Вы пьете чай, отец рассказывает, как лесом добирался от станции, как торопился, потому что нес тебе мороженое. Мороженое отец положил в жестяную коробочку от чая, чтобы оно не растаяло.

Еще у калитки он говорит, что тебя ждет сюрприз, и протягивает коробочку. Ты ее открываешь и видишь, что там в молочном сиропе плавает тусклая бумажка. Сначала тебе обидно, но потом ты вспоминаешь, что есть маленький Фудзиямка, и отдаешь этот молочный сироп ему.

Щенок помогает себе лбом, ушами и даже хвостом. Ты чувствуешь, как радость подпирает изнутри, и задираешь голову к небу.

Ты совсем не жалеешь, что мороженое растаяло, и мечтаешь о том, что и в следующий раз в жестяной коробочке из-под чая снова окажется такой же сюрприз для твоего щенка.

Незаметно подкрадывается летняя ночь. Ты обнимаешь щенка за шею. Вам придется расстаться до утра. Ты моешь ноги в тазике с черными кляксами отбитой эмали, ложишься, и мать целует тебя на ночь.

Немного погодя, когда уже потушен свет, к тебе поднимается отец. Он ложится рядом, ты просовываешь голову ему под руку, и вы еще долго говорите. Пока вы с отцом шепотом обсуждаете все важные дела и события за день, за домом начинается самое неприятное.

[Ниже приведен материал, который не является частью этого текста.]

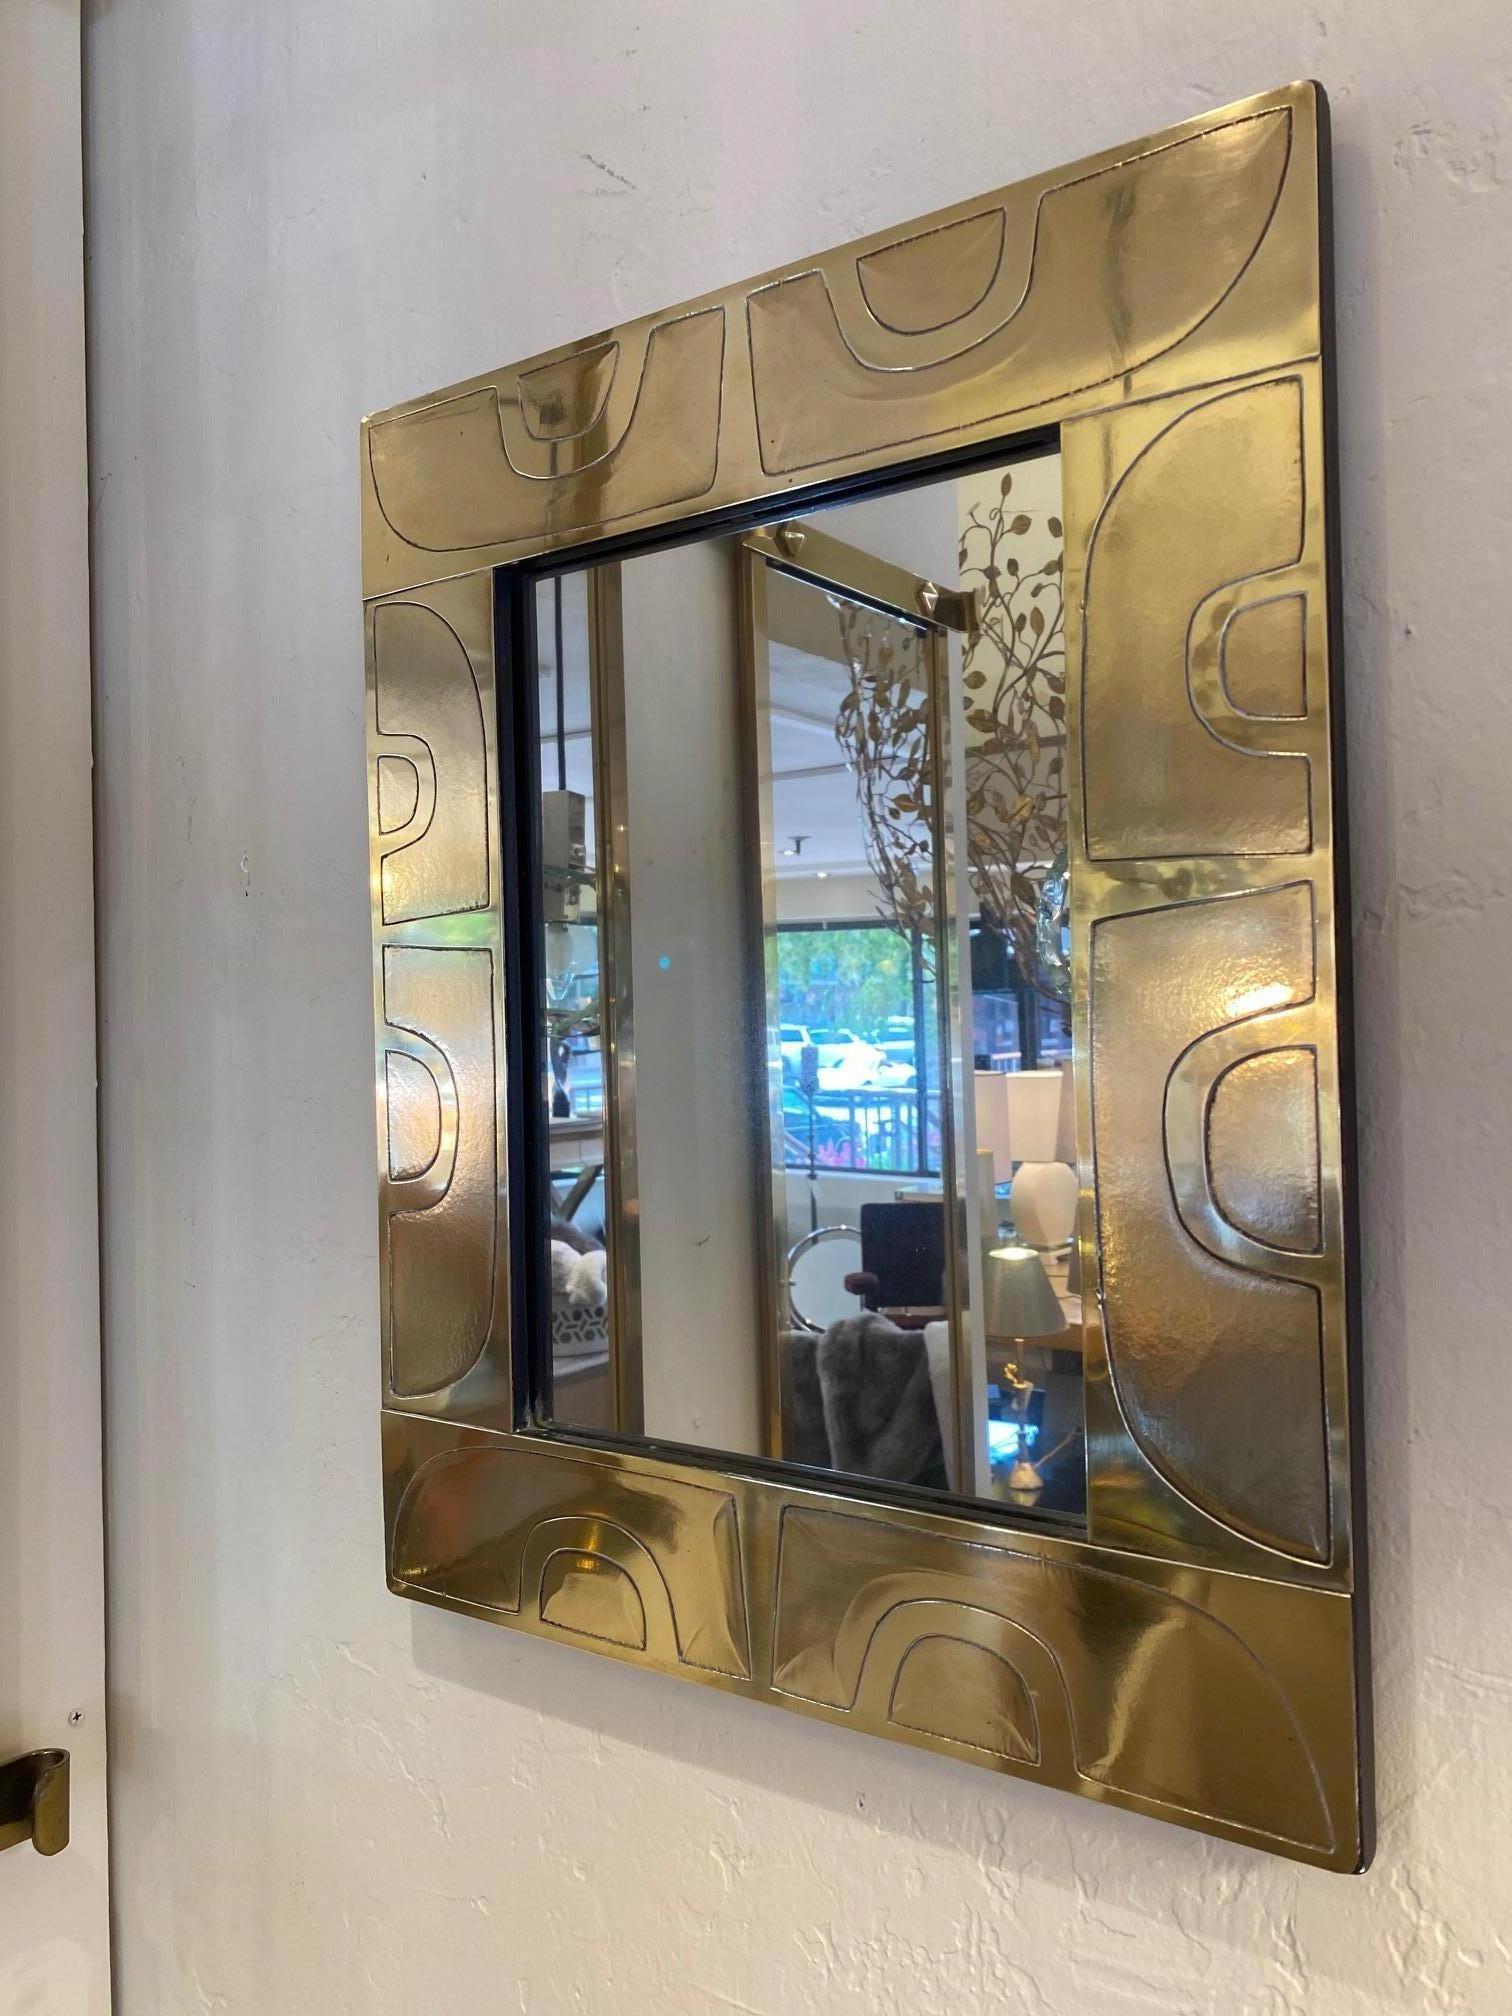 1980s French abstract design architectural rectangular mirror.

Мать загоняет Фудзиямку в конуру. Он уворачивается, с жалобным воем носится по участку и прячется, где только может. На помощь иногда приходит отец, вдвоем с матерью им с трудом удается запихнуть щенка внутрь и закрыть выход старым ржавым листом железа, подперев его поленом. Всю ночь до утра из большой будки раздается жалобный плач, скулеж и визг.

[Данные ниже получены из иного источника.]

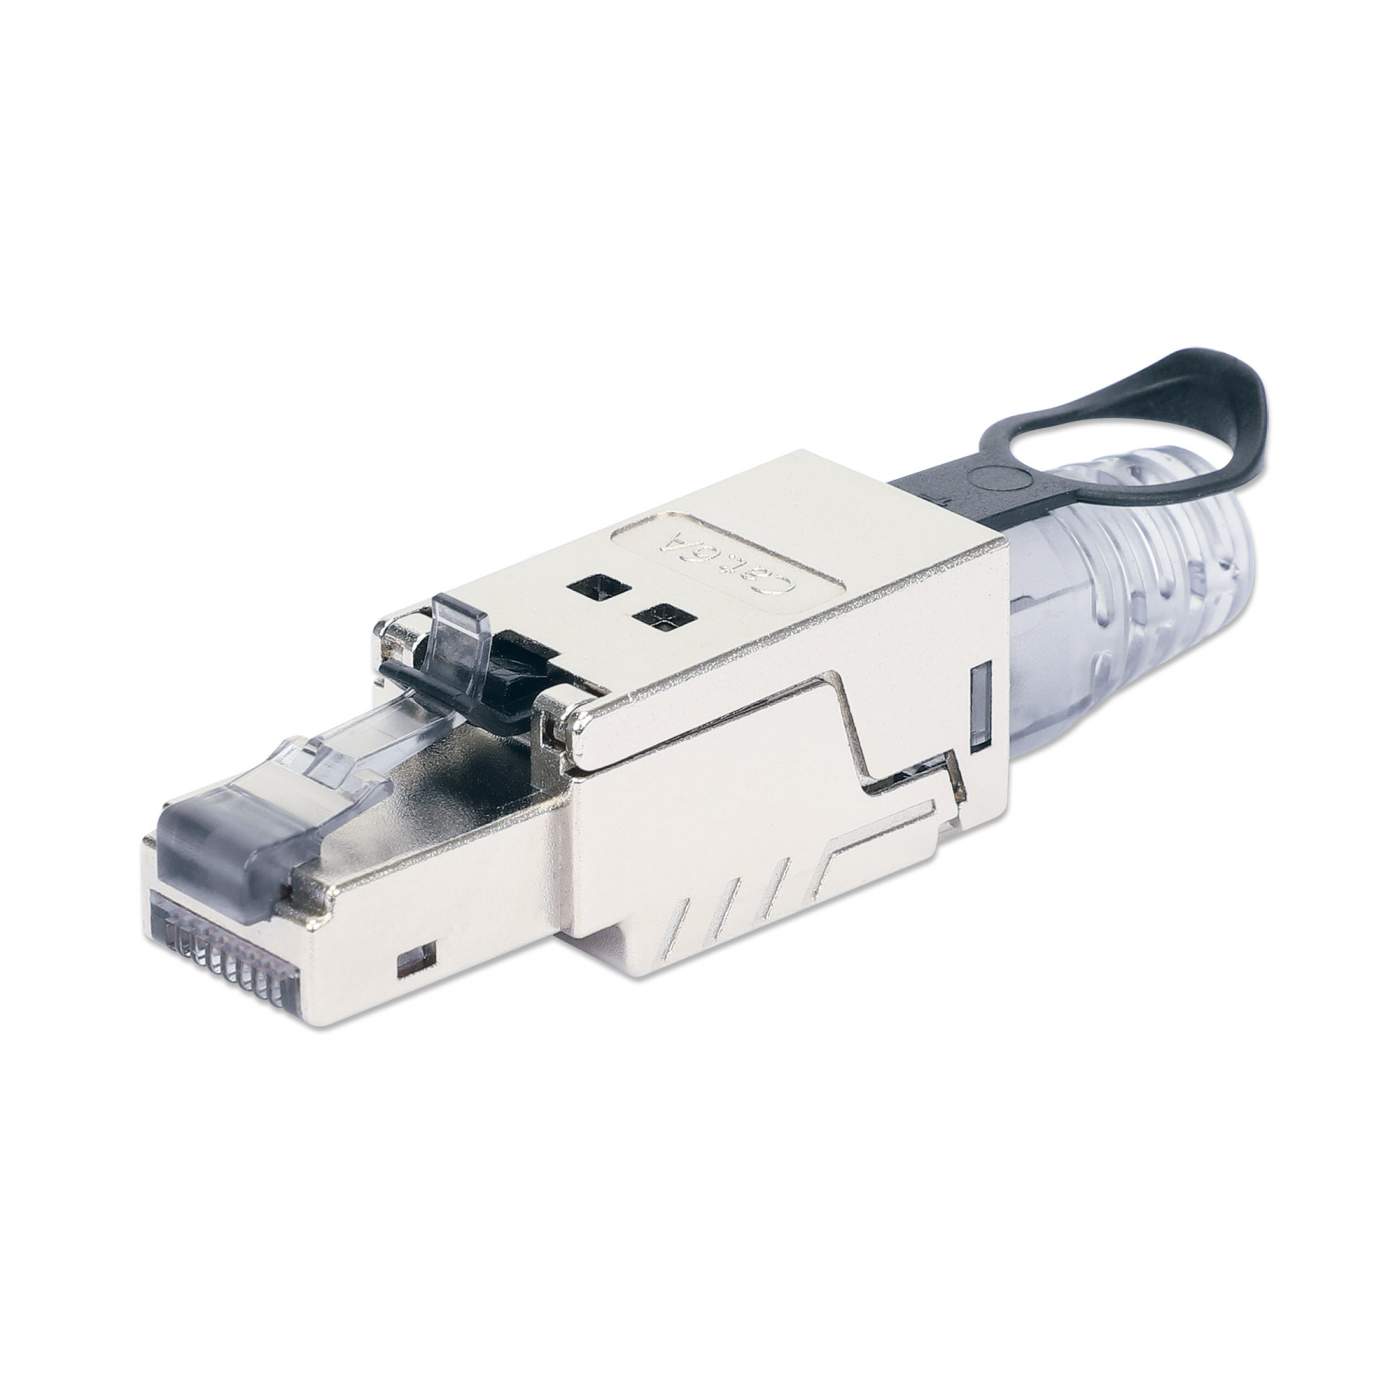 Cat6a 10G Shielded Toolless RJ45 Modular Field Termination Plug with Pull-ring Release Image 1

Сладить с щенком невозможно. Но и наказывать его рука не поднимается. Он по-прежнему все такой же смешной, только круглая мордочка с умными узкими глазками стала еще больше.

Ночью его вой по-прежнему раздается по всему участку. Что делать – непонятно. Но ты уже все обдумал. Конура большая, места хватит на двоих.

Вечером опять Фудзиямка бегает по всему участку и опять упирается всеми лапами, не желая уходить на ночь в свой домик.

Уже совсем темно. Ты в пижаме и тапочках тихо спускаешься по приставной лестнице из своей комнаты на втором этаже. Высокая трава обдает тебя росой. Страшно и мокро.

Вот, наконец, и будка. Ты убираешь большое полено, железный лист и быстро ныряешь к Фудзиямке на его соломенную подстилку.

…Руки дрожали, и отец никак не мог справиться с дверью, а мать не могла ждать. Она неумело перелезла через окно и побежала, тяжело проваливаясь босыми ногами в рыхлую землю грядок.

Никогда родители не слышали, чтобы их ребенок так страшно кричал. Детский крик сливался с заливистым визгом собаки.

Утром в будке обнаружили осиное гнездо, которое прилепилось к внутренней стороне крыши и потому было совершенно незаметно снаружи.